The involvement of M. bovis in the respiratory disease was confirmed by IHC in 73.9% (17/23) of the calves. In agreement with other studies [8,17,18,19,20,21], M. bovis antigen in the epithelial cells and surrounding caseonecrotic foci was related to the presence of caseonecrotic bronchopneumonia (94.1%; 16/17), bronchiolitis (88.2%; 15/17), BALT hyperplasia (82.3%; 14/17) and necrosis of the bronchiolar epithelium (70.5%; 12/17). Bronchiolar fibrosis, which has been also associated with M. bovis, was detected in 52.9% (9/17) of these animals and would indicate cases of greater chronicity [8]. Concurrent lesions typically caused by other bacteria and viruses were found in many M. bovis IHC-positive animals. Suppurative bronchopneumonia was detected in 76.4% (13/17) of these calves, and fibrinous bronchopneumonia and interstitial pneumonia with multinucleated syncytial cells were detected in 58.8% (10/17). These results are consistent with previous studies that reported different bacterial (T. pyogenes, P. multocida, M. haemolytica and H. sommi) and viral (BVDV, BHV-1, BRSV and PI-3) participants, in conjunction with M. bovis, in the development of BRD [4,5,6].

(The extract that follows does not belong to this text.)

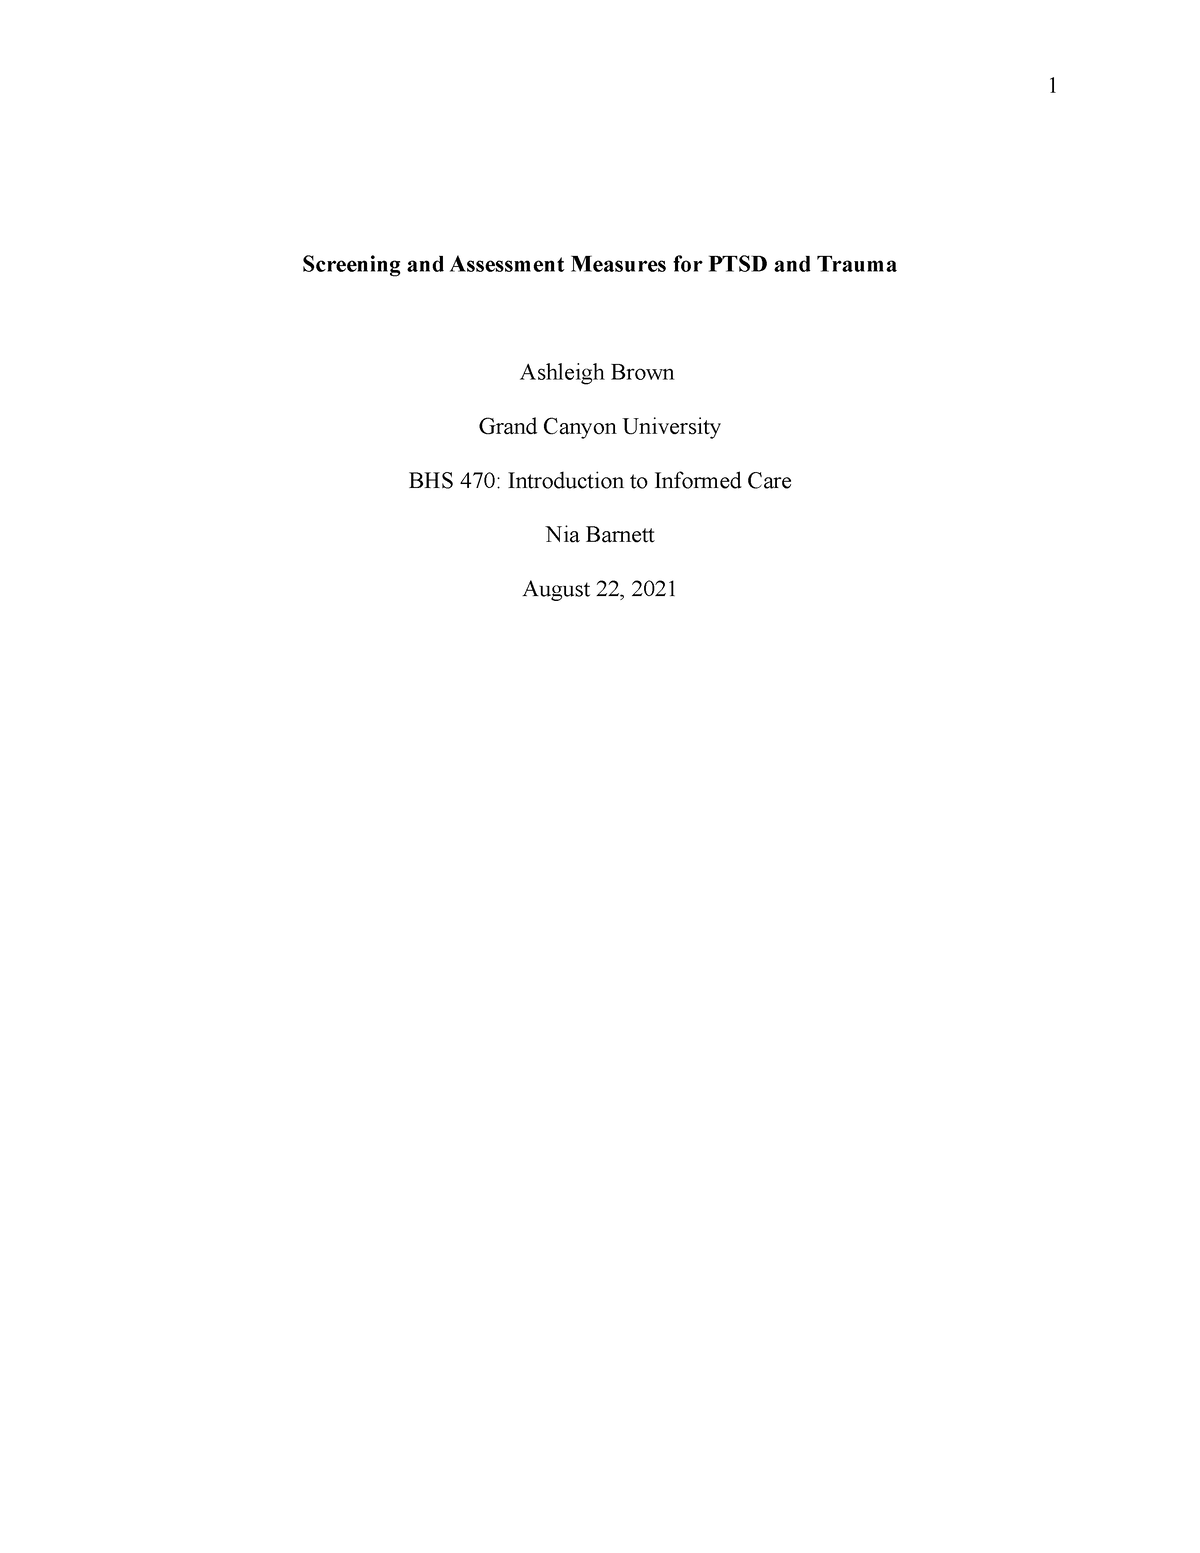 bhs-470-screening-and-assessment-measures-for-ptsd-and-trauma
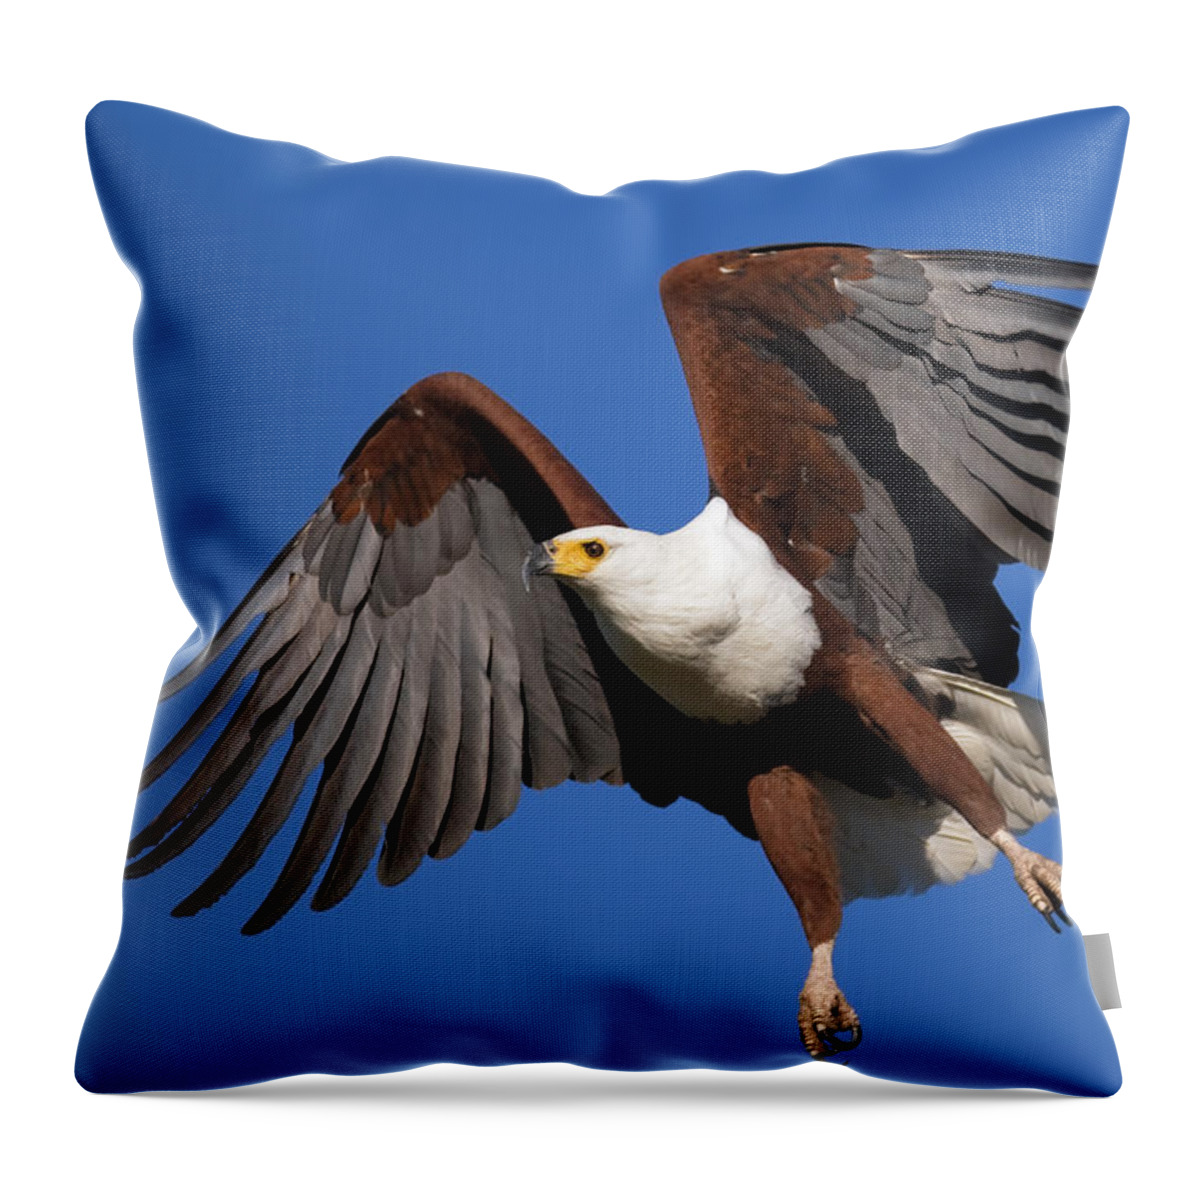 Eagle Throw Pillow featuring the photograph African Fish Eagle by Johan Swanepoel

MIC values showed the low in vitro susceptibility of the M. bovis isolates (n = 12) to most of the antimicrobials received in vivo by the calves. This could be the result of resistance acquired after treatment [24,25]. Another possible explanation is that M. bovis isolates involved in the BRD episode were already resistant before any antimicrobial treatment, as recently observed in France [16]. Indeed, multiresistant strains currently circulate in that country, as it occurs in Spain [26,27,28]. Some authors propose that therapy in vivo may fail not because of the involvement of a resistant strain but because of the limited drug distribution into the caseous foci where M. bovis bacteria are most numerous [12]. This might explain the case of animal nº 20, with caseonecrotic bronchopneumonia and bronchiolitis, but a low MIC value for gentamicin (4 µg/mL). Nine of the 12 animals from which one resistant isolate was recovered had M. bovis antigen in lung lesions. The remaining three strains were recovered from animals without M. bovis antigen nor with lesions normally attributed to M. bovis. Given the multifactorial etiology of BRD, several variables may contribute to the clinical evolution of these animals, but still, the involvement of multiresistant M. bovis strains is likely contributing to the maintenance of the disease.

5. Conclusions

M. bovis plays a significant role in cases of clinical respiratory disease unresponsive to antimicrobial treatment that affects feedlots calves in Spain. The combined use of culture, PCR and IHC increases the sensitivity of M. bovis diagnosis in lung samples. Caseonecrotic bronchopneumonia is the morphological pattern most frequently observed in animals infected with M. bovis, and patterns indicative of other bacteria species and viruses can be concurrently detected. In some cases, M. bovis could have acted as the primary pathogen. M. bovis isolates recovered from animals with clinical respiratory disease are resistant in vitro to most of the antimicrobials specifically used for therapy in vivo.